To rework the legacy in a modern idiom has not been easy. The biggest challenge for Indian designers has been the lack of ancillary support. So when a designer creates a furniture piece or a new light, the components that go into making it a functionally refined piece are missing. As a result, he has to design its components, do extensive material research, test it and also find skilled workers to make it.
Creativity needs unfettered mental space and adequate prototyping support system. Right now, our designers have to design the piece and all that goes into its making. Of course, there is the business part of it that needs to be taken care of, in addition to bringing out new collections from time to time. Not to mention the lack of intellectual property rights and patent protection to prevent cheap copies from hitting the market. At this point, India is poised for a rabid consumption of design, and the worry according to Sanjib Chatterjee, architect and co-founder of Kaaru, a studio that put Indian craft design on the international play field, is the pace of consumption that is round the corner. “The stampede towards consumption created by consumerism does not augur well,” he says. “Good design follows a contemplative mode. The classics took time to evolve, they did not happen overnight, as also the artisans refined their skills over generations.”
Amsterdam-based Indian designer Satyendra Pakhale utilised the craft of a Bastar tribe in his design of B.M. Horse—a range of bell metal sculptural pieces. It is a perfect example of what Indian crafts can look like when executed with high precision tools available in other parts of the world.
There are others like Ayush and Geetanjali Kasliwal of AKFD design studio who are the happiest to handhold and train fresh minds in the rural sector. It is not for nothing that we term the current years as the ‘Renaissance of Indian crafts’.

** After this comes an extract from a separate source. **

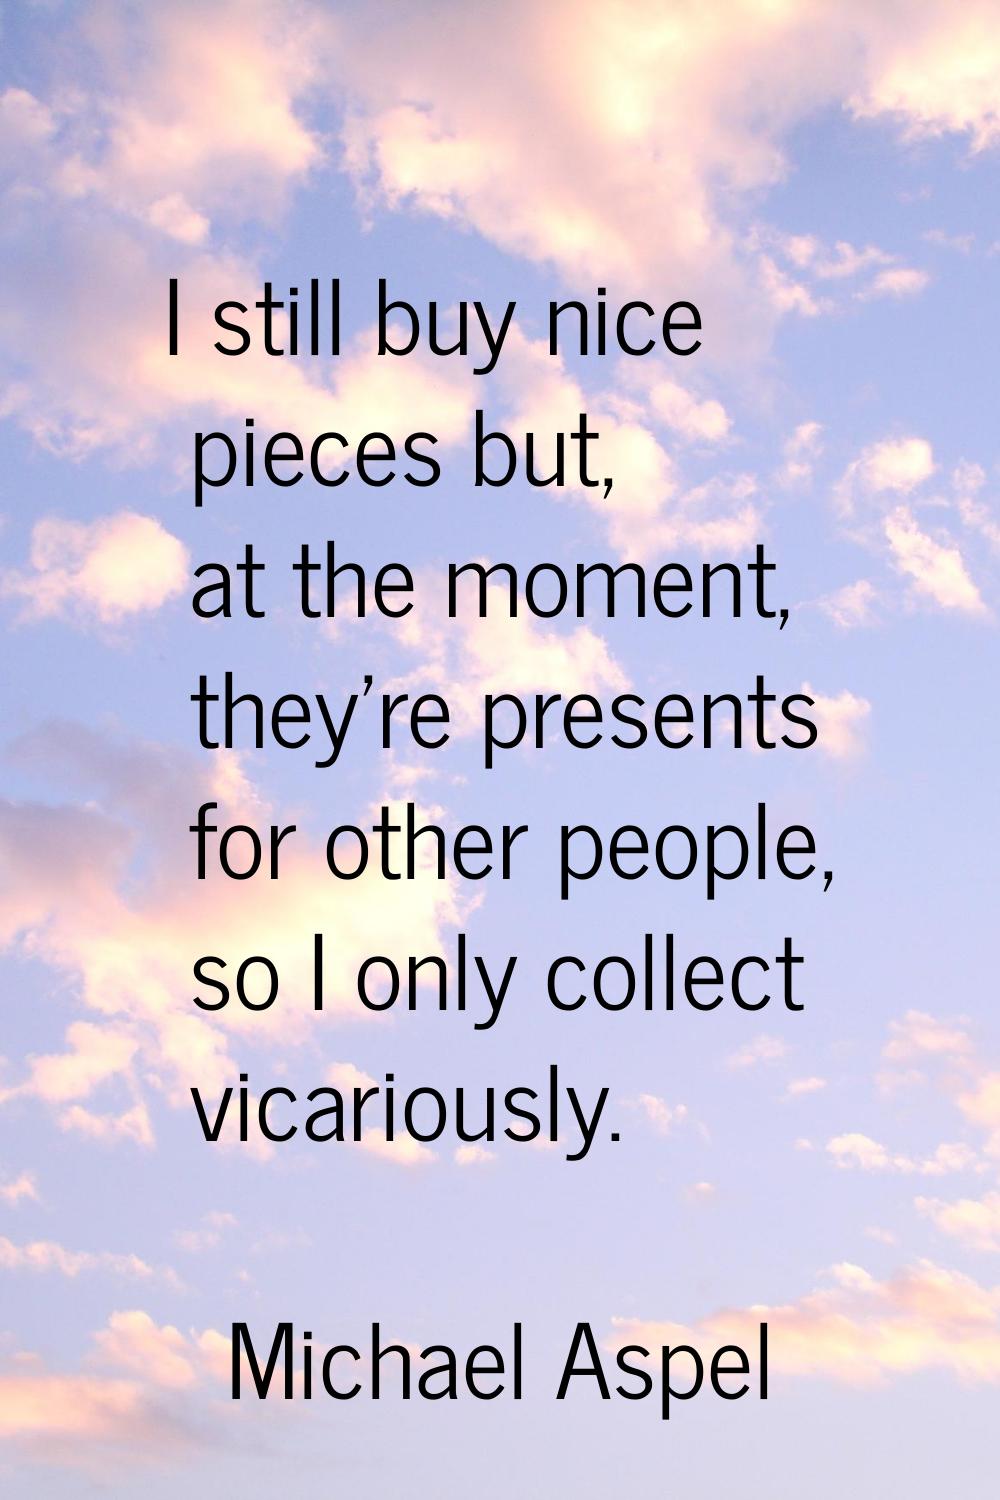 I still buy nice pieces but, at the moment, they're presents for other people, so I only collect vi

Most designers agree that National Design Policy and Indian Design Council remain divorced from the ground realities of the Indian décor design segment. There are multiple areas where support could be provided: training and re-training of labour, prototype labs and innovation hubs for ancillary support and promotion of cross-pollination of skills.
There are a growing number of NGOs and self-help groups that are supporting artisans in remote areas, but they seem to be working in silos. There is now a ministry for skill development, but the real challenge would be to connect the dots and land the right people with the right skills at the right doorsteps.
In Thiruvananthapuram, architect N. Mahesh has found a unique way to mark the culmination of his career spanning 40 years. He has taken design to the lowest denominator of society by posting a two-bedroom apartment design (578sqft) that costs under 06 lakh on two cents of land on the website mvironments.com. Anyone can take a printout, show it to a contractor and get it constructed.
Recently, a life-size model was set up in the city for the public to walk in and experience what the construction would look like. Needless to say, the response was overwhelming.
One reason that our cityscapes have ugly patches is because of haphazard extensions of poor dwelling units which are dictated by paucity of resources. Now, if every city got its five top architects to give such designs and the users of these designs were made aware of the options they have, would it not upgrade their quality of life?